Store stakeholder CyHy reports in AWS S3

[mcdonnnj]

💡 Summary

We should store any CyHy stakeholder reports in AWS S3 instead of in an EBS volume attached to the reporter instance.

Motivation and context

Storing the reports in S3 would allow the following advantages:

• It would enable us to use an S3 lifecycle policy to automatically transition to a different storage class or even delete an object.
• It would allow us to provide access to reports to CyHy team members in a straightforward, on-demand way.
  • Adding on to this we would no longer need to copy a CyHy team email address to provide the reports which would reduce the load on that mailbox.
• S3 is easier to modify on-demand than EBS if we need to increase storage capacity etc.

Implementation notes

We will need to create a new bucket to store reports (and this could probably be extended to store any reports in the CyHy environment).
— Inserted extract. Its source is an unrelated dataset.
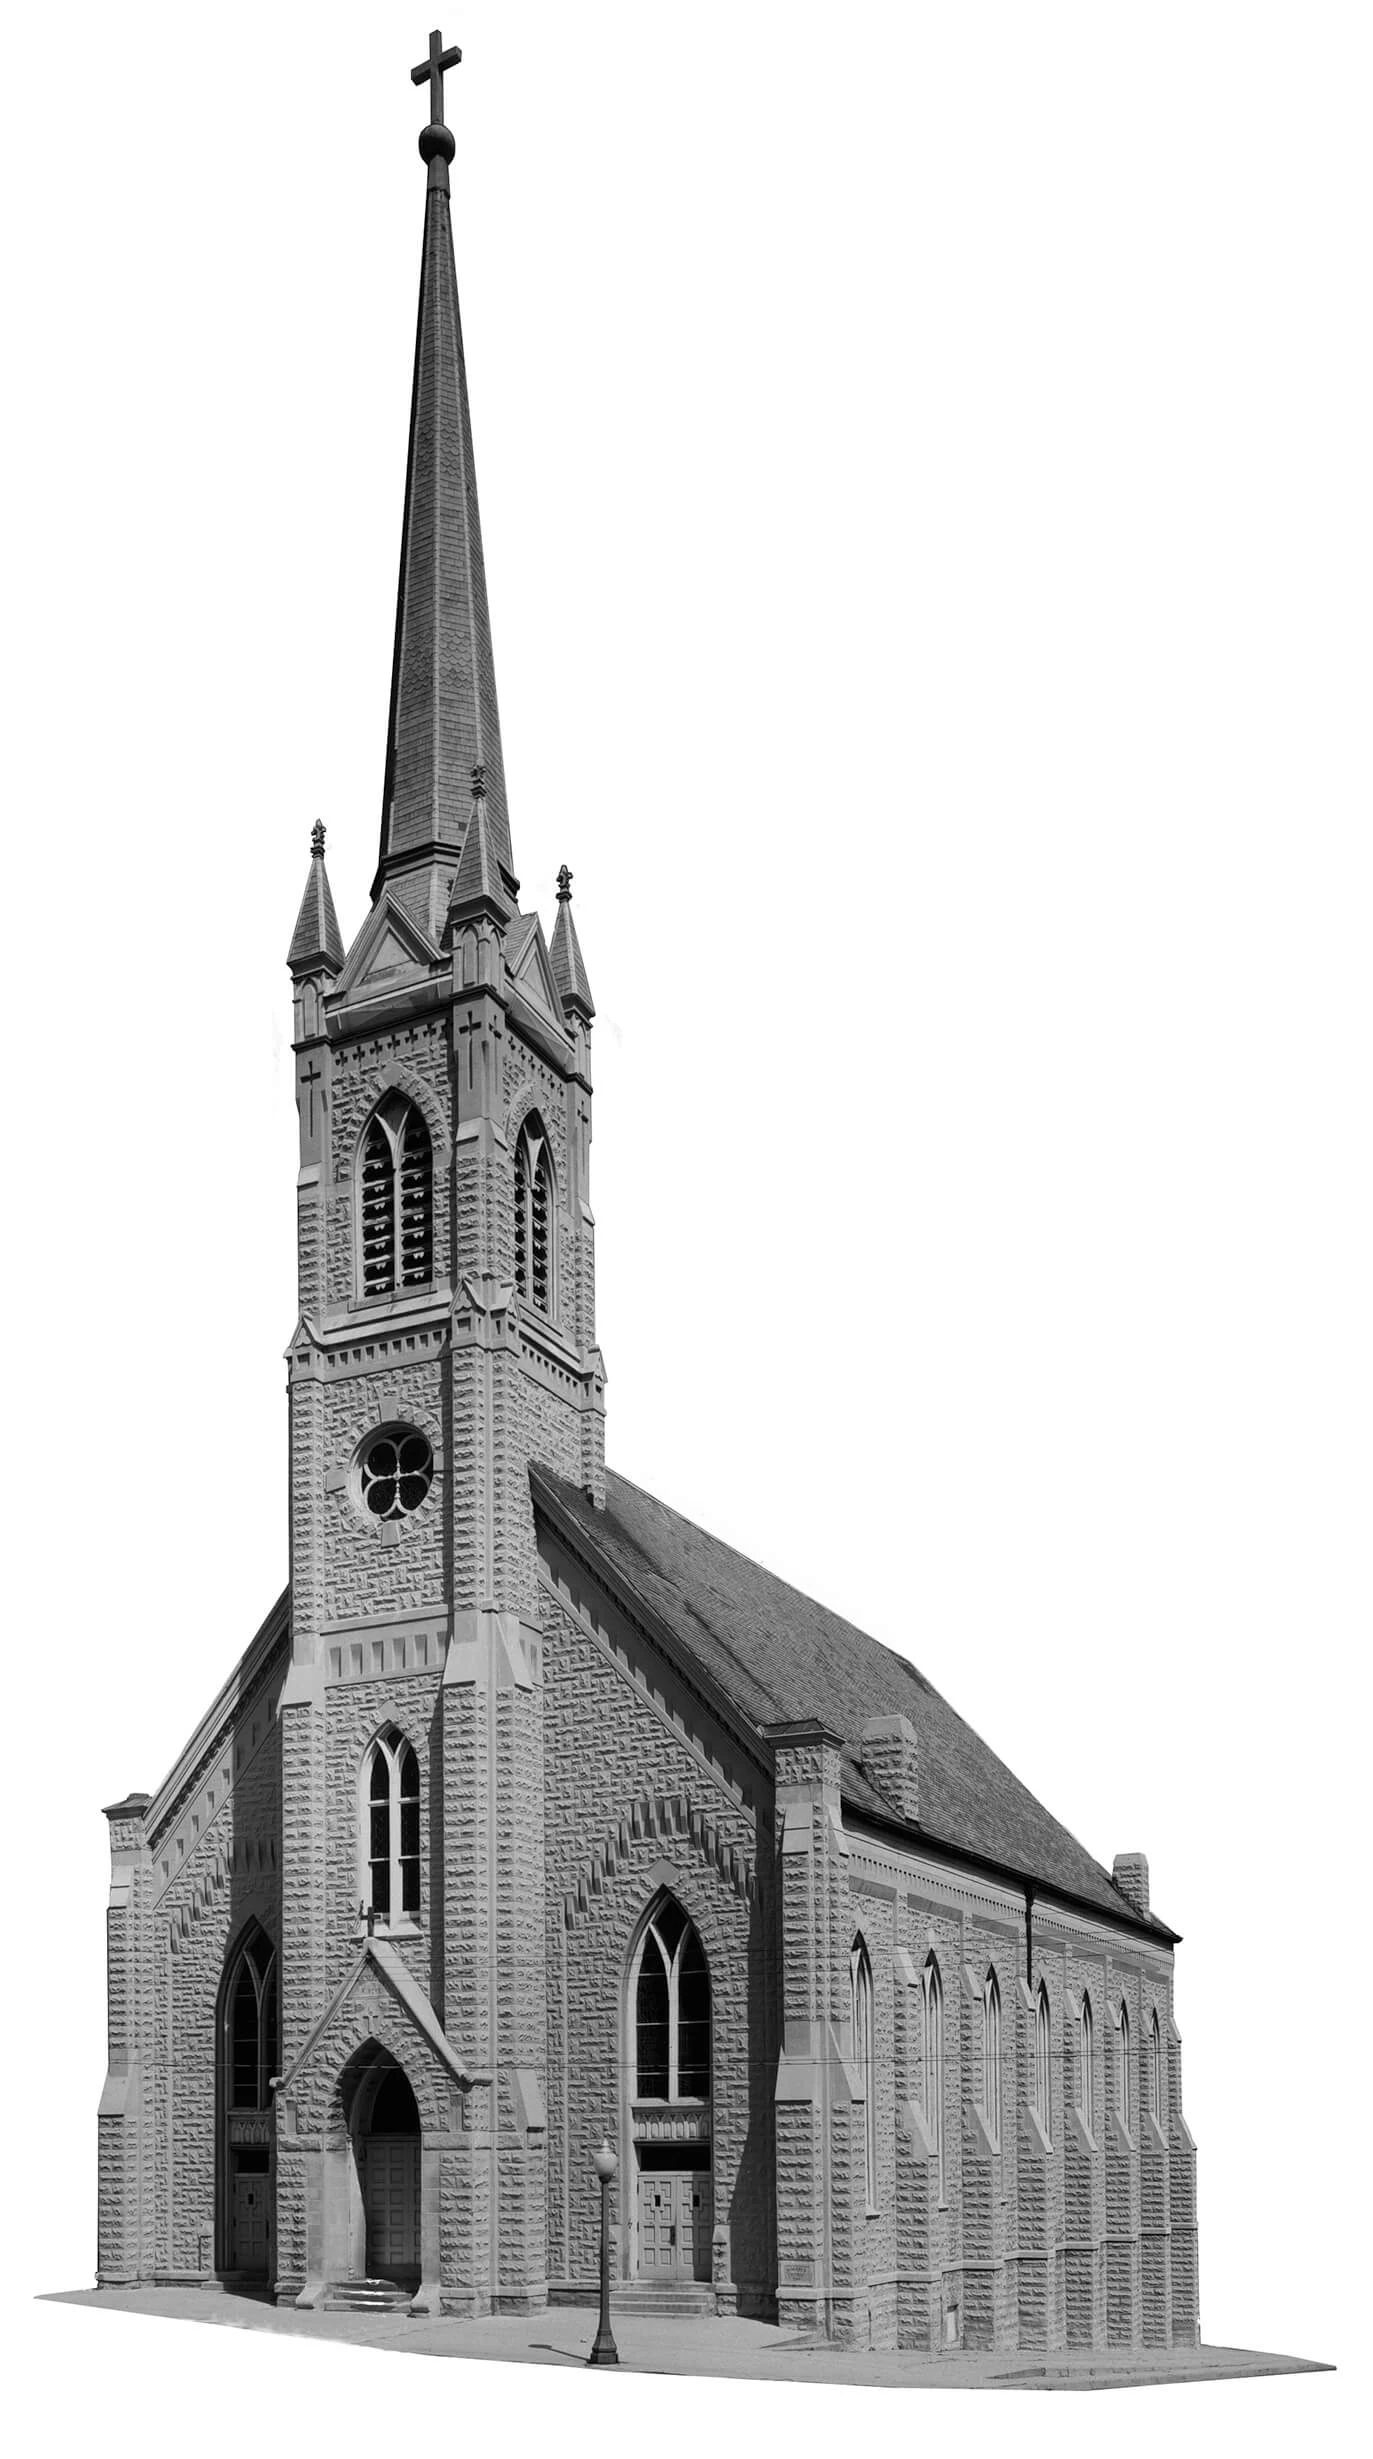 Black and white photo of a brick church with a very tall steeple.

The reporter instance profile will need to be updated to allow PutObject permissions to this new bucket. I believe we would like a transition period where reports are copied from the EBS volume attached to the reporter instance to the new S3 bucket. At some future point the cisagov/cyhy-reports logic should be changed to upload directly to the bucket.

Acceptance criteria

How do we know when this work is done?

• [ ] New S3 bucket to house reports is created.
• [ ] The reporter instance is given appropriate permissions to allow reports to be uploaded to the new S3 bucket.
• [ ] A script or modifications to cisagov/cyhy-reports should be made for the transition period where data will live on the existing EBS volume but will also be copied to S3.

[mcdonnnj]

We might consider just mounting the S3 bucket to the local filesystem as a final state using mountpoint.